На островах ГУЛАГа. Воспоминания заключенной, стр. 23

Она сует мне в руки авторучку и услужливо протягивает папку.

– Вот здесь. Подпишите. Отлично! Теперь садитесь за тот стол, там свободно. Вот бумага, – она кладет передо мной стопку чистой бумаги, – пишите. Не торопитесь, – еще раз любезно напоминает она мне, звонит и велит подать чаю.

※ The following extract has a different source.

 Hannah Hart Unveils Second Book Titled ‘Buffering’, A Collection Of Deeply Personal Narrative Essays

В камере я прихожу в себя и ужасаюсь своей глупости и наивности. Как будто это мое писание могло иметь какой-нибудь смысл, какую-нибудь цену! Да и будет ли оно приложено к делу? Было ли? Этого я не знаю и посейчас. Думаю, если мое объяснение и использовали, то только для того, чтобы лишний раз хохотнуть над наивной девчонкой, попавшейся, как муха в паутину. Вскоре, вызвав меня и небрежно полистав страницы ставшей довольно пухлой папки, Мария Аркадьевна объявила, что следствие по моему делу закончено. Я не знала и предположить даже не могла, что имею право ознакомиться с его содержанием, взять в собственные руки эту папку и рыться в ней сколько угодно, хоть до самого утра; о таком праве следовательница мне не сообщила, а я – откуда же я могла знать?

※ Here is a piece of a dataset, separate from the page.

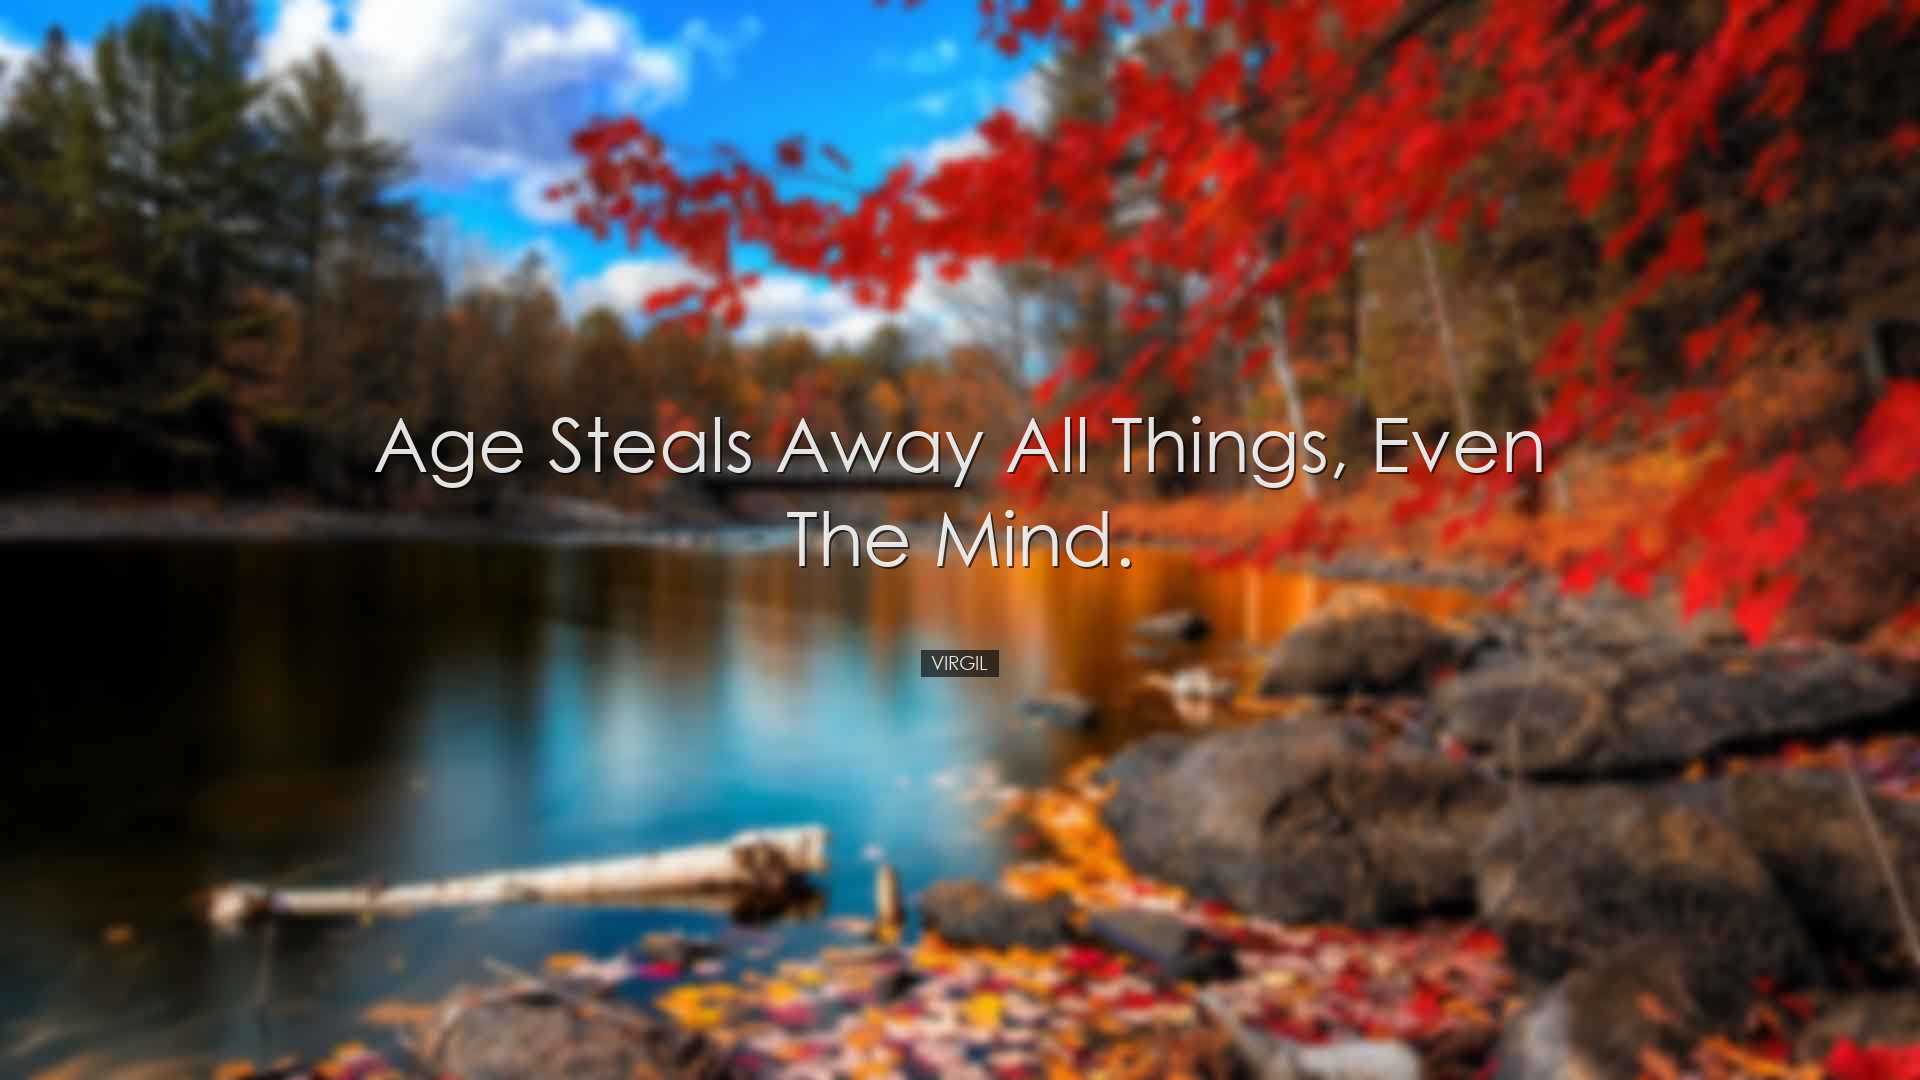 Age steals away all things, even the mind. - Virgil

Даже о том, что на этой папке стоят «вещие» слова – «хранить вечно», я узнала только через 20 лет после суда, когда была реабилитирована и снова увидела эту папку, но и тогда – в чужих руках. Она прилежно хранилась в архивах военного трибунала, вероятно, хранится и до сих пор – ведь вечность еще не кончилась.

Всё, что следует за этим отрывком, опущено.